If you nurture in multiple languages, create separate workflows for each. This setting just establishes the default starting point.

Organization timezone

Also in Settings > Organization, the timezone affects when scheduled emails send. Nurturing emails are queued and sent based on your organization’s timezone.

Managing multiple senders

Multiple senders serve different purposes within your nurturing strategy.

Common sender patterns

Individual reps: Each salesperson has their own sender. Emails feel personal because they come from someone the prospect knows.

Team identities: sales@, support@, marketing@ for broader campaigns that don’t need personal attribution.

Executives: Occasional emails from leadership for high-value prospects or important announcements.

Content/thought leadership: A sender for educational content that positions your company as experts.

Choosing senders for workflows

When creating a workflow, consider who should appear to be reaching out:

  • Personal relationship exists? Use the rep who worked with them
  • No personal relationship? Use a friendly team identity
  • High-value prospects? Consider a senior person
  • Educational content? Consider marketing or thought leadership

Consistency within workflows

Generally, keep the sender consistent within a workflow. Starting with Sarah and switching to John mid-sequence feels disjointed.

Exception: A final step from a senior person (“I noticed Sarah has been in touch…”) can work well for escalation.

Common questions

How many senders can I have per domain?

No specific limit. Create as many as makes sense for your team and use cases.

What happens to emails in progress if I deactivate a sender?

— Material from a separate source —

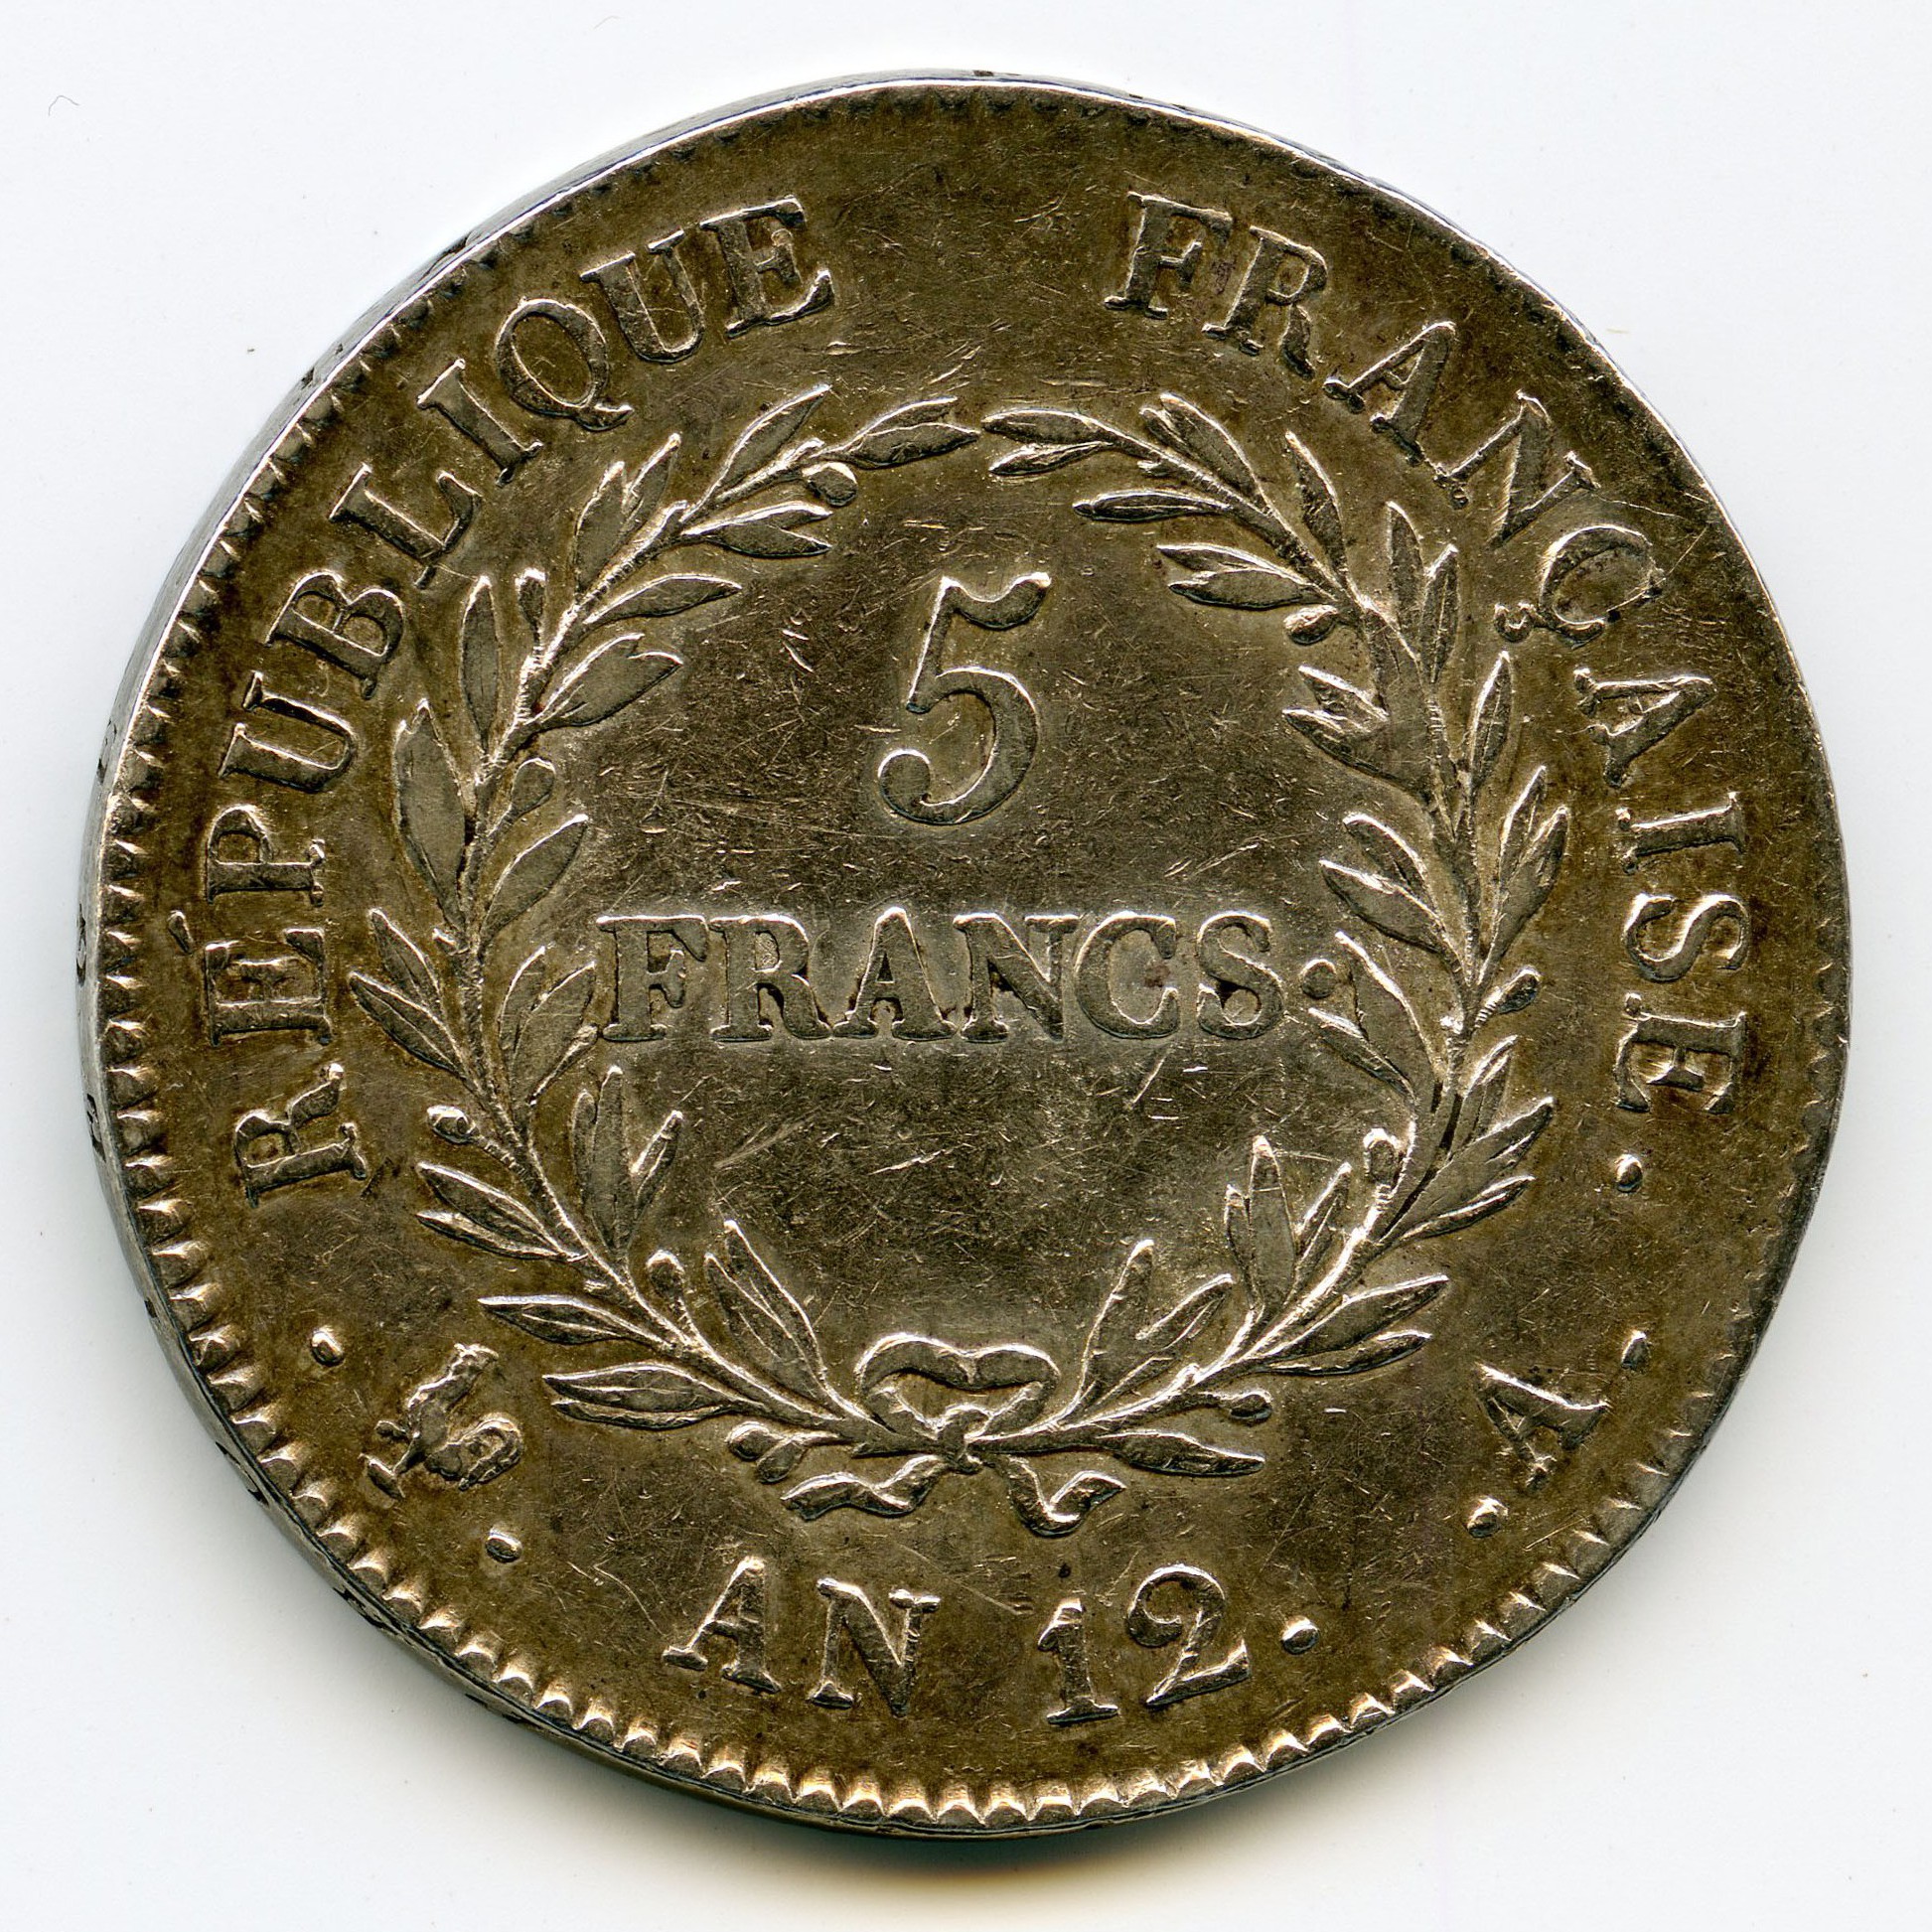 Le Consulat - 5 Francs - An 12 - Paris revers
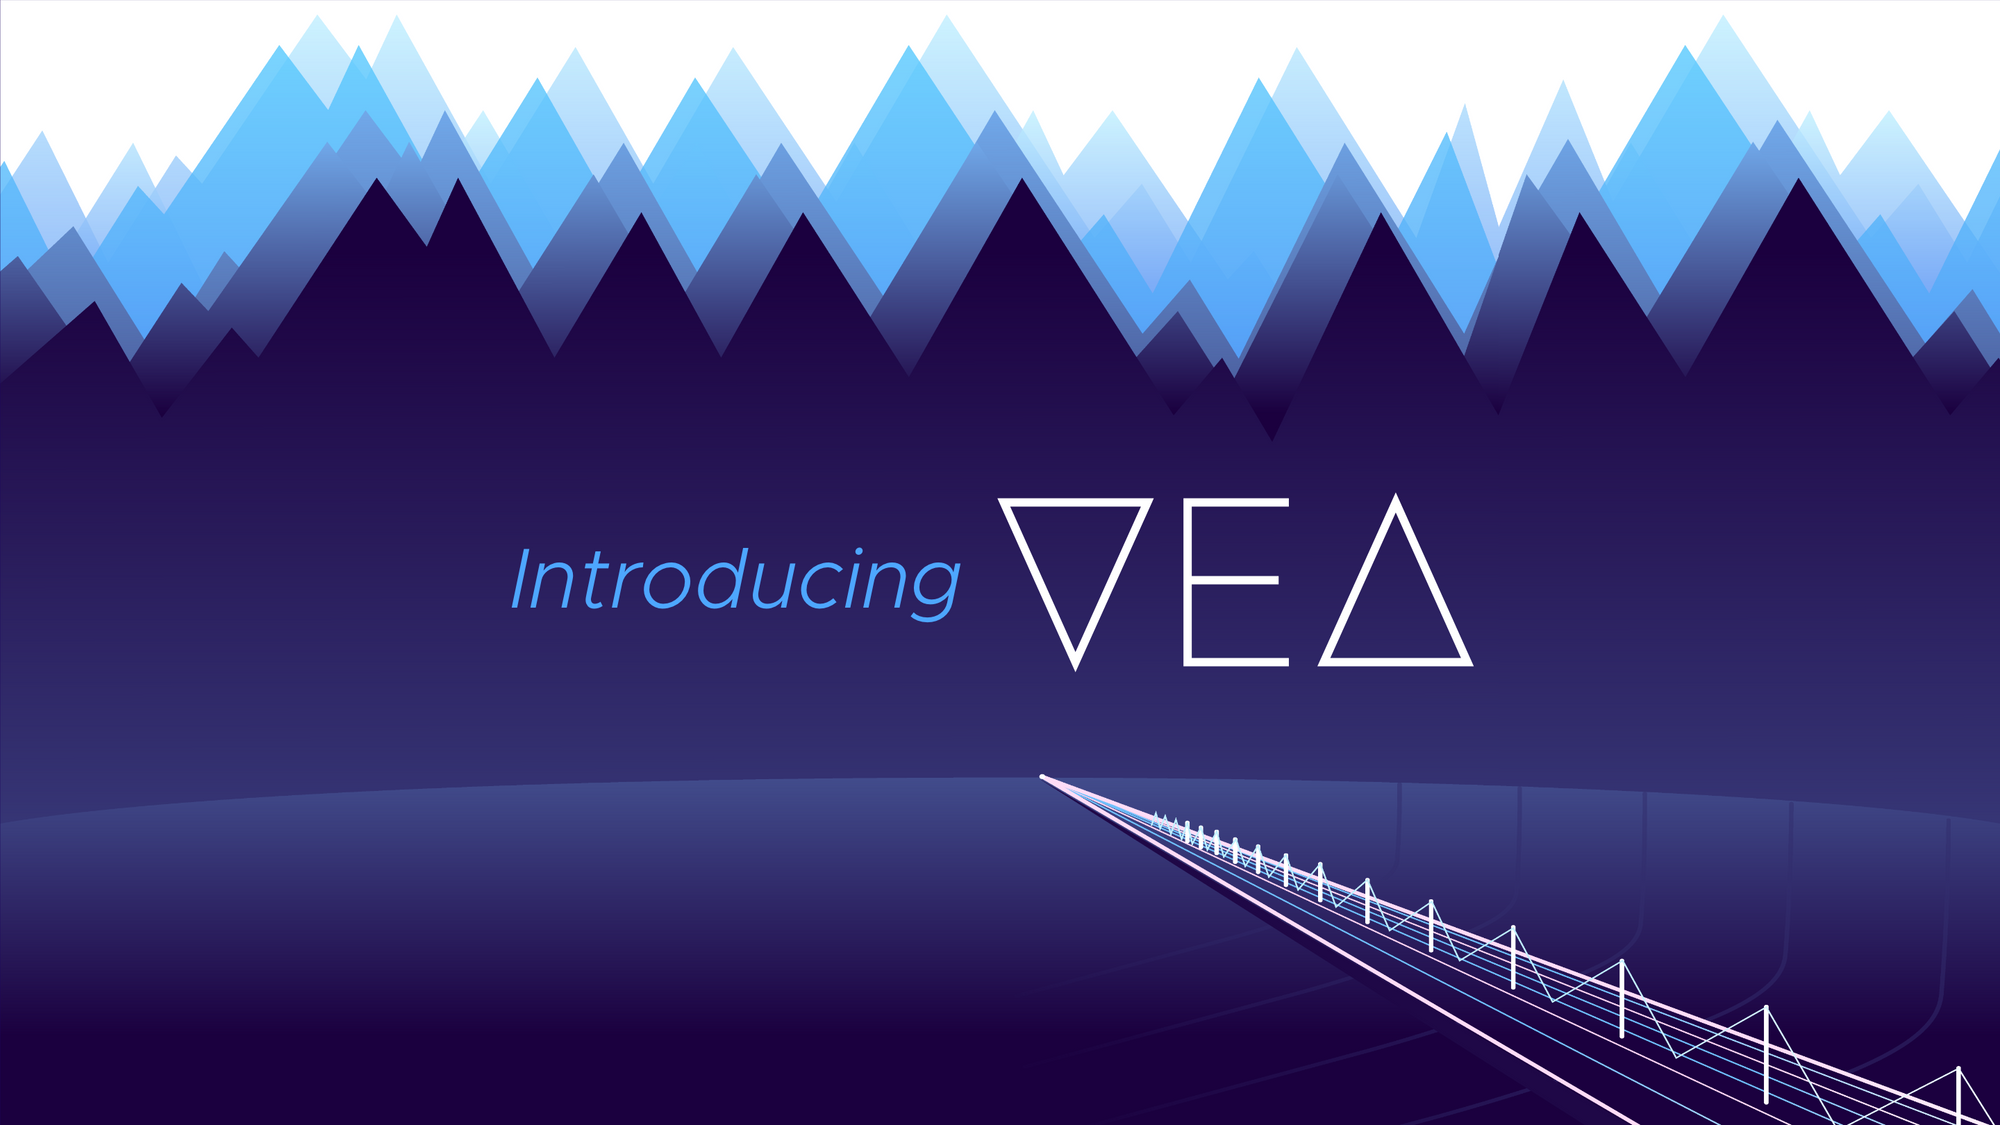 Trust Yourself - Introducing the Vea Bridge

Emails already queued for sending should complete. New emails won’t send until you reactivate or assign a different sender to the workflow.

Do I need a separate domain for each product line?

Usually not necessary. One domain with multiple senders works for most organizations. Separate domains are more useful for separate brands or complete isolation needs.

Can I use my personal email as a sender?

Only if your personal email is on a domain you control and have verified. You can’t send from gmail.com or other public email providers.